Records supplied >>
————————
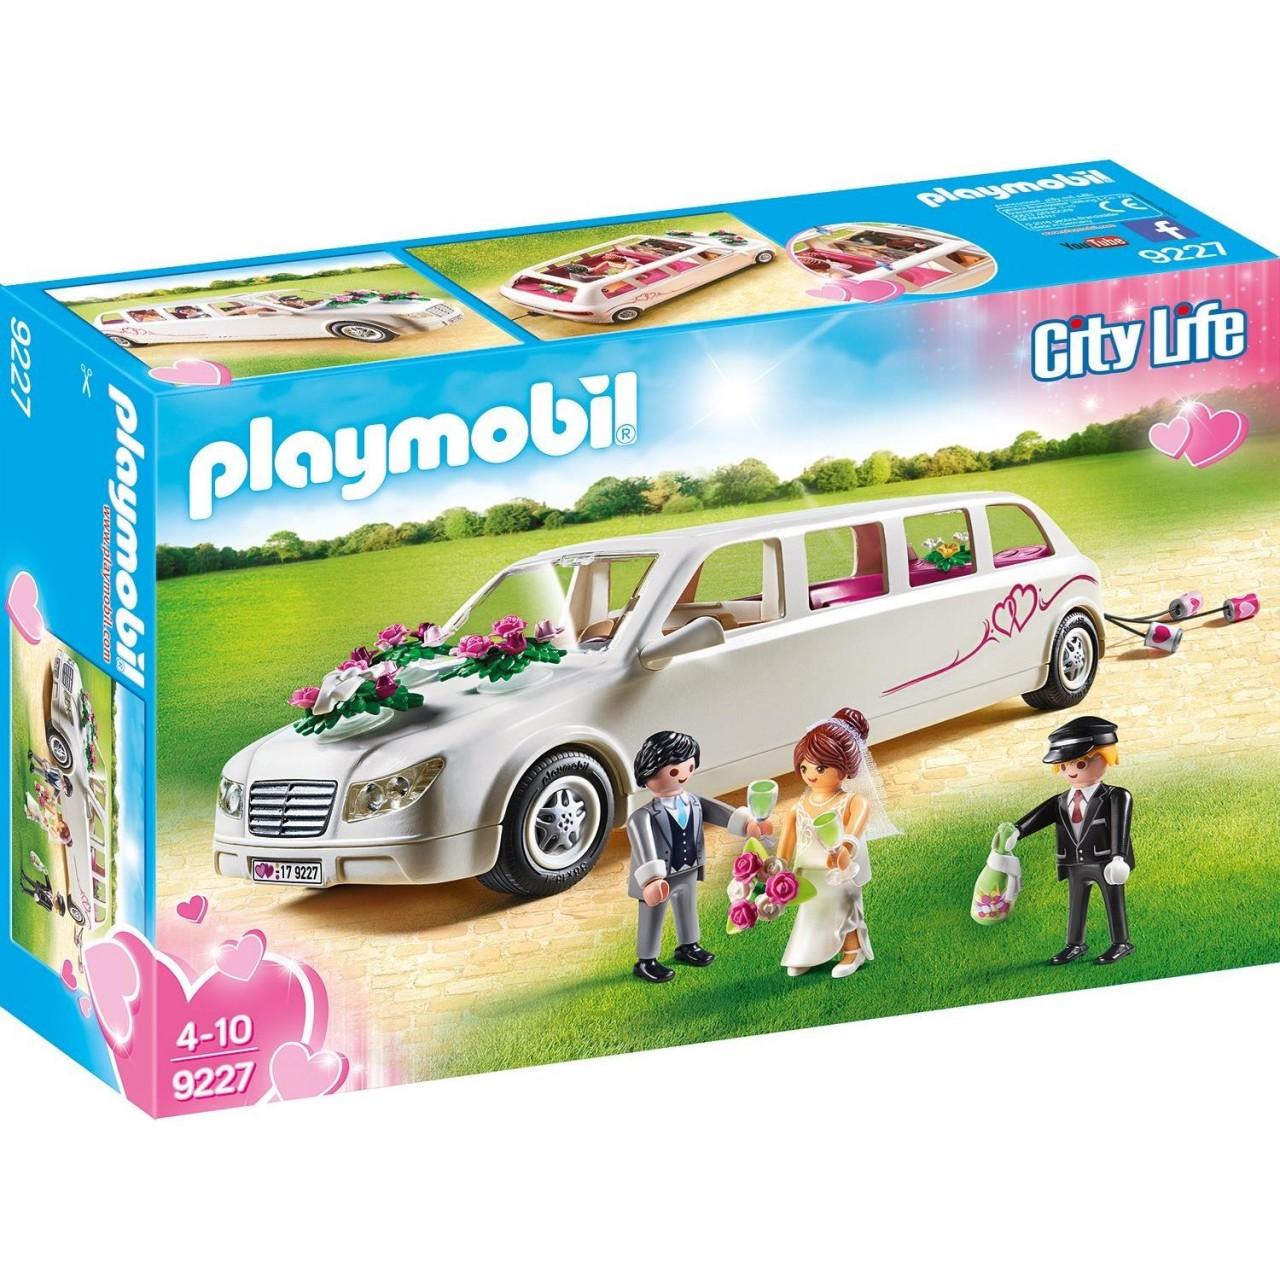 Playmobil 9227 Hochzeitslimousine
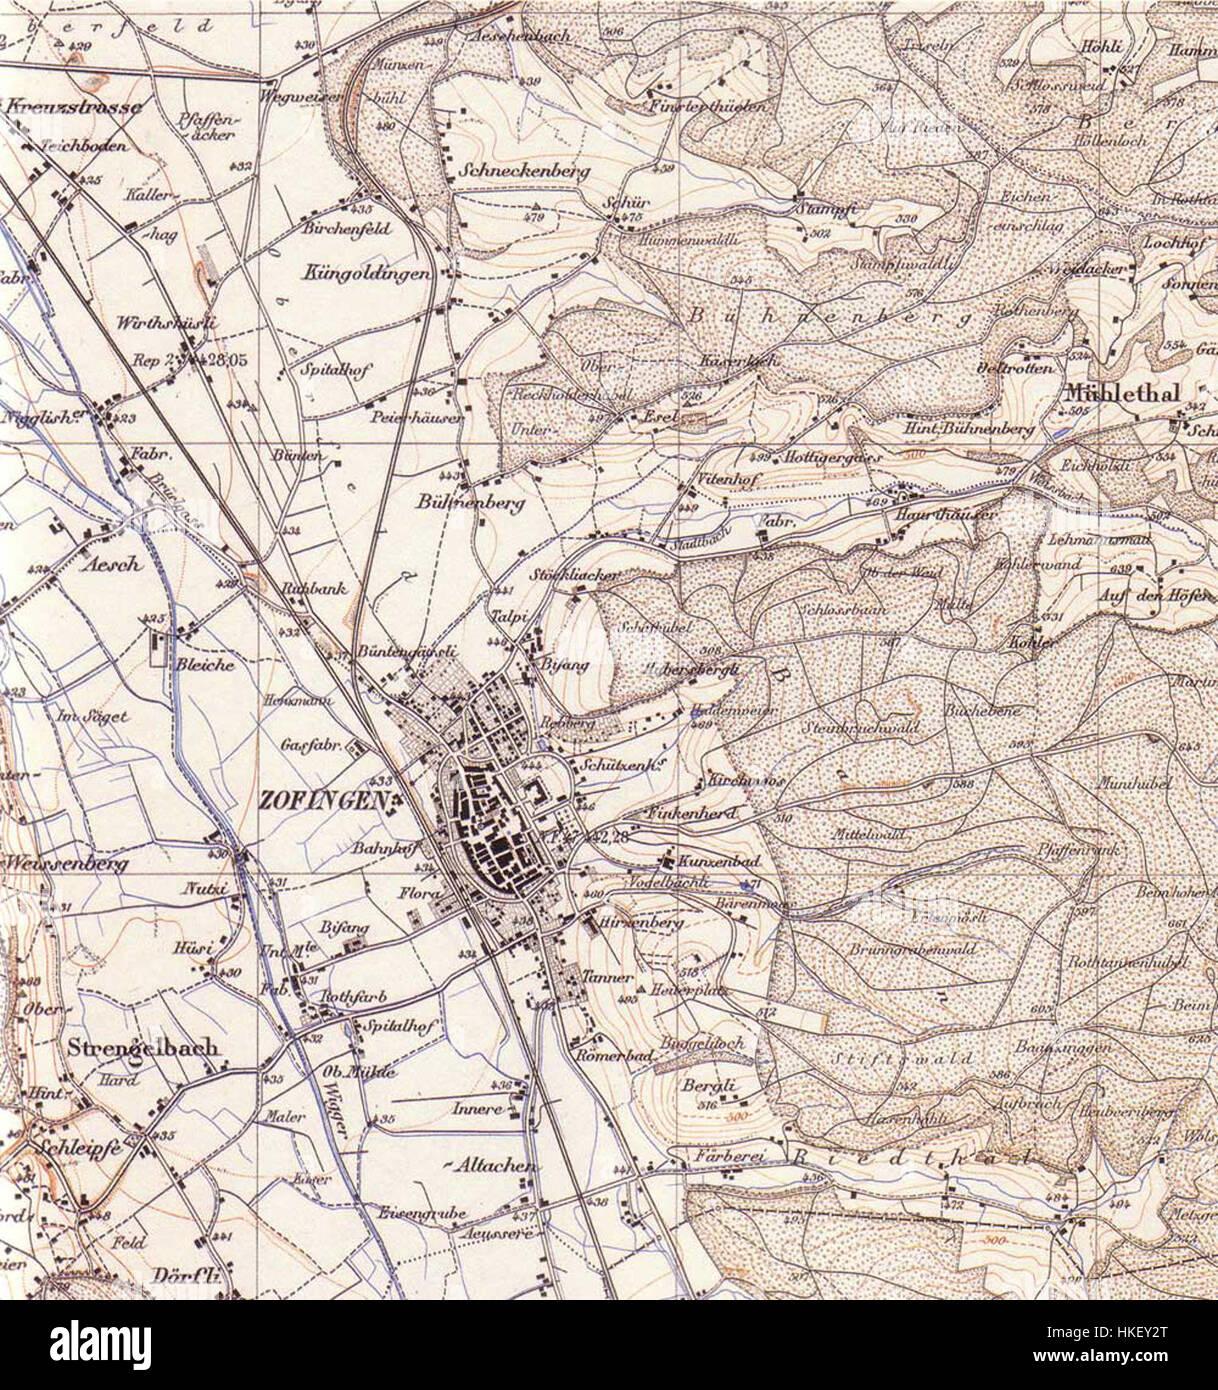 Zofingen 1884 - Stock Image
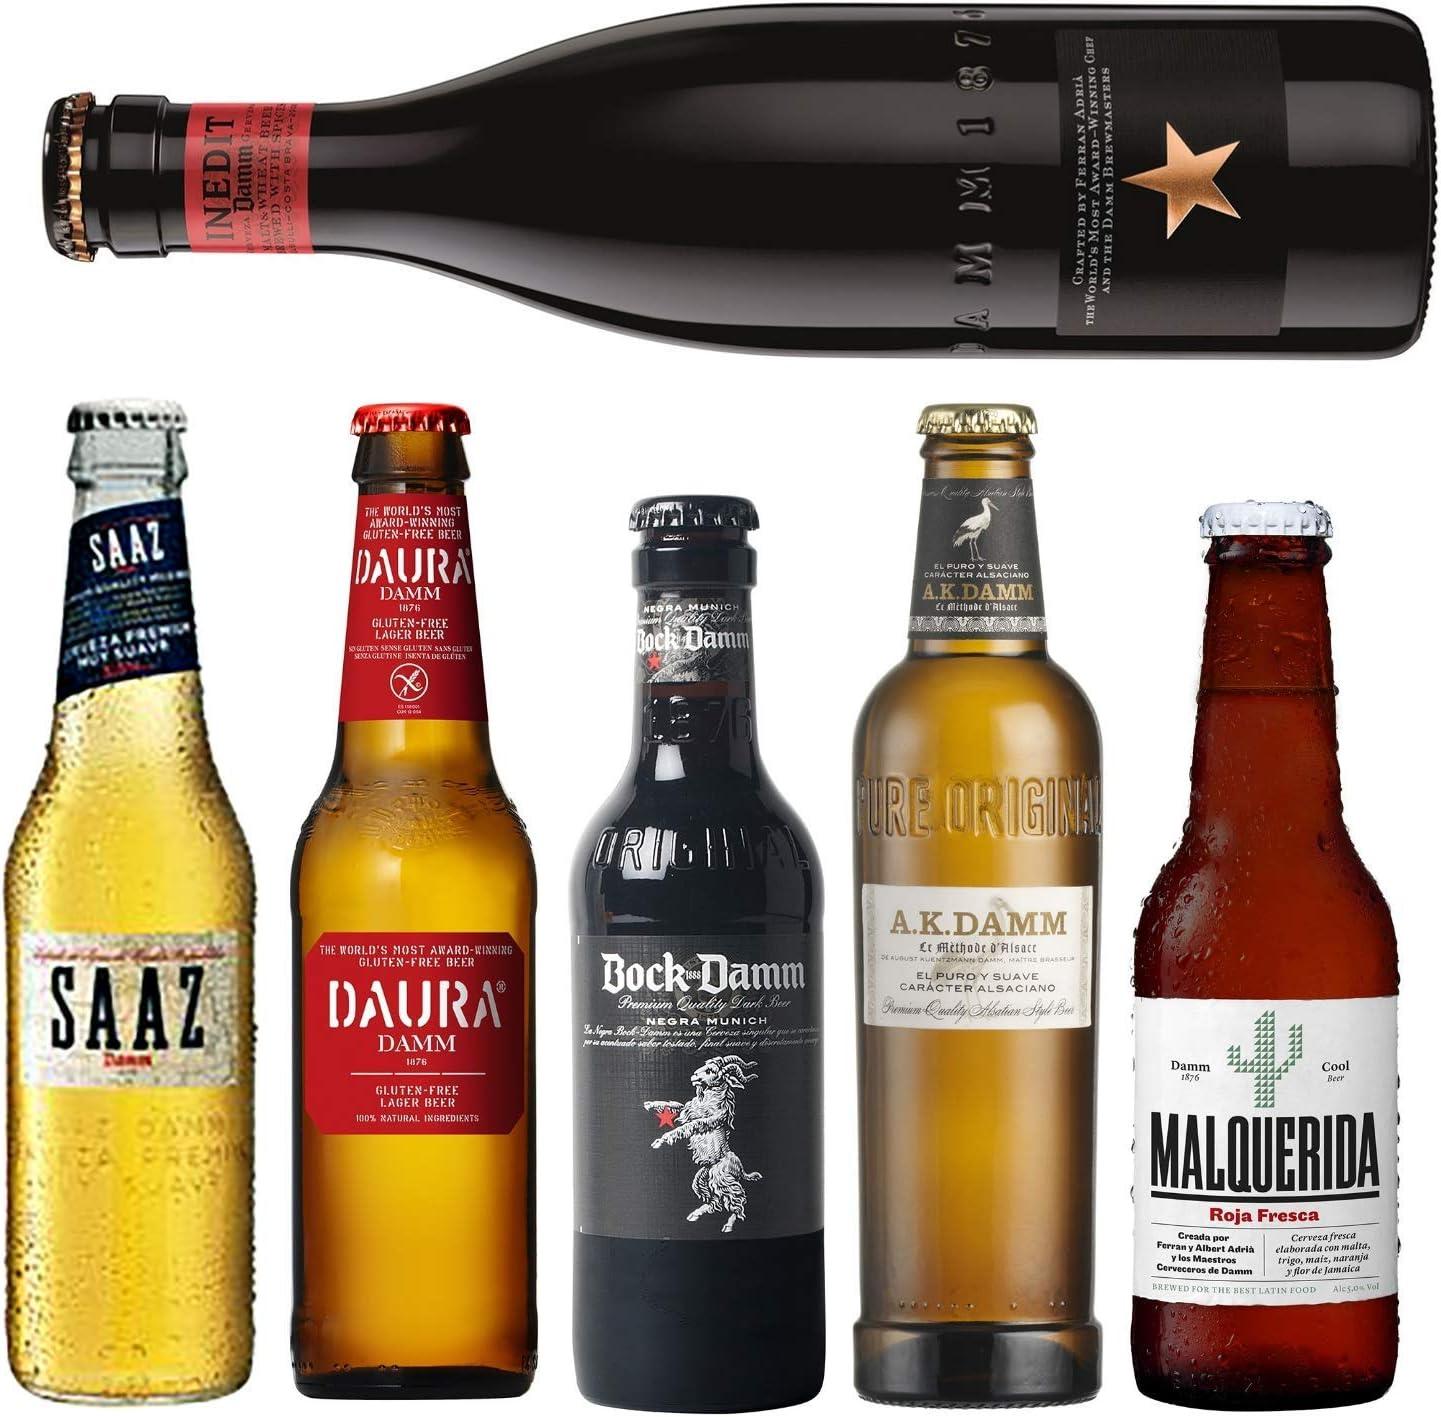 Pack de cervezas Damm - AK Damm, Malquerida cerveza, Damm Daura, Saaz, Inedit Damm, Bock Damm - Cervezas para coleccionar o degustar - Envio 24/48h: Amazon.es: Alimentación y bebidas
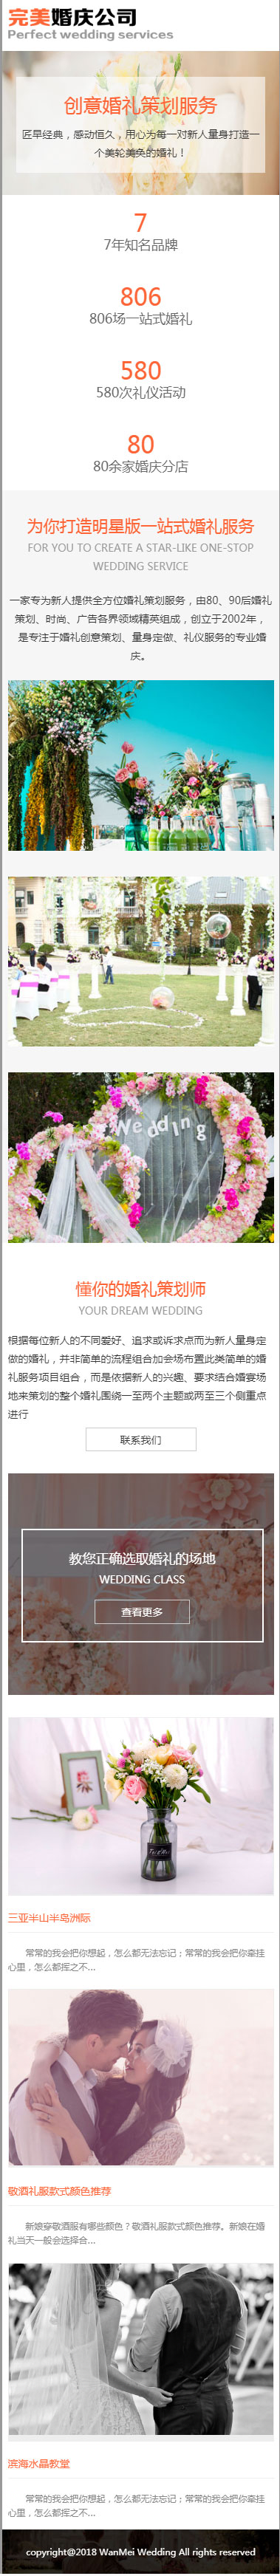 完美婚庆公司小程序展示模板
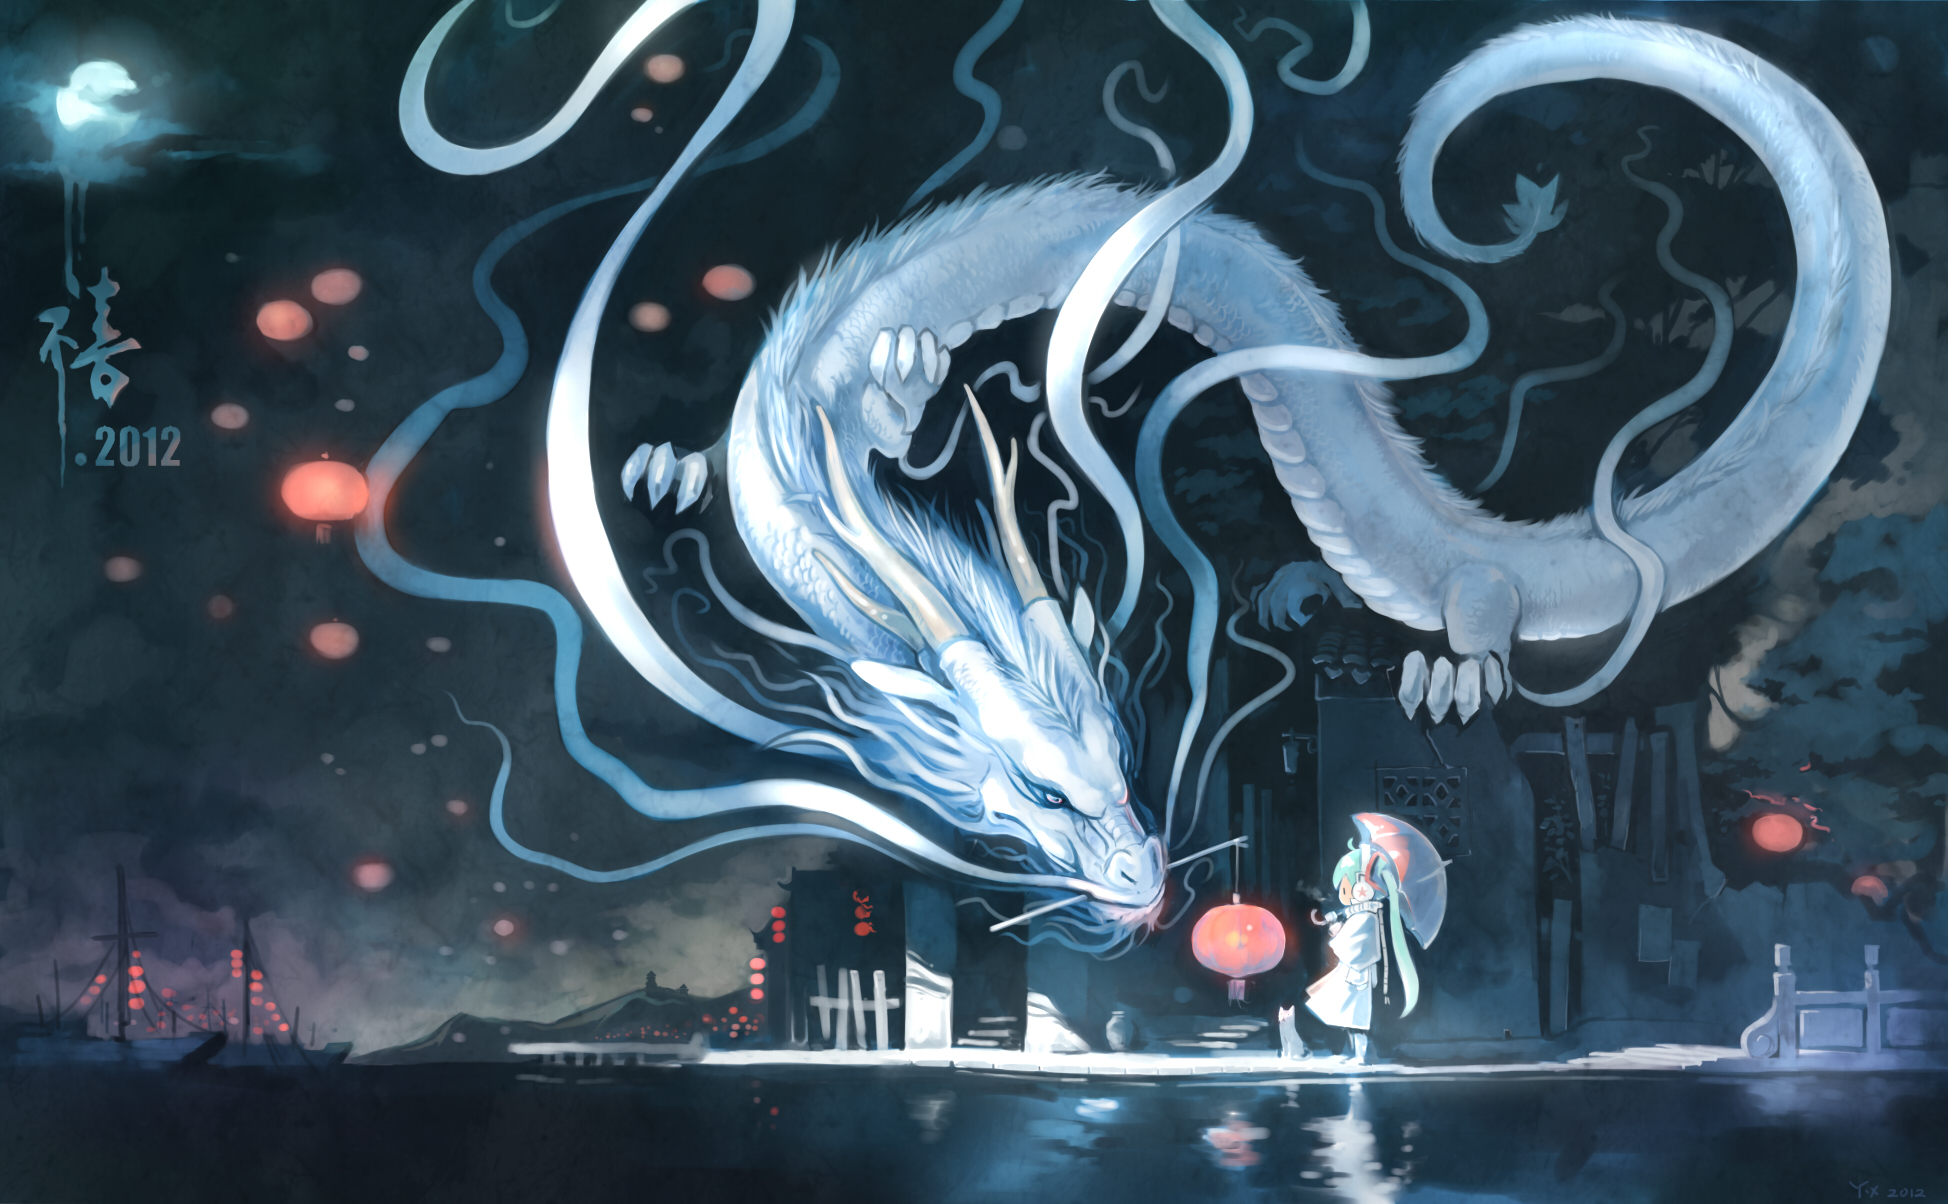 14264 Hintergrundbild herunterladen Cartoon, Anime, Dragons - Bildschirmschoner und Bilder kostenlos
————————
Task brief >>
Every picture stays out; reproduce exactly the lines from the one with "完美婚庆公司小程序展示模板" through the last line of the data above.

Finished exercise >>
 完美婚庆公司小程序展示模板
 14264 Hintergrundbild herunterladen Cartoon, Anime, Dragons - Bildschirmschoner und Bilder kostenlos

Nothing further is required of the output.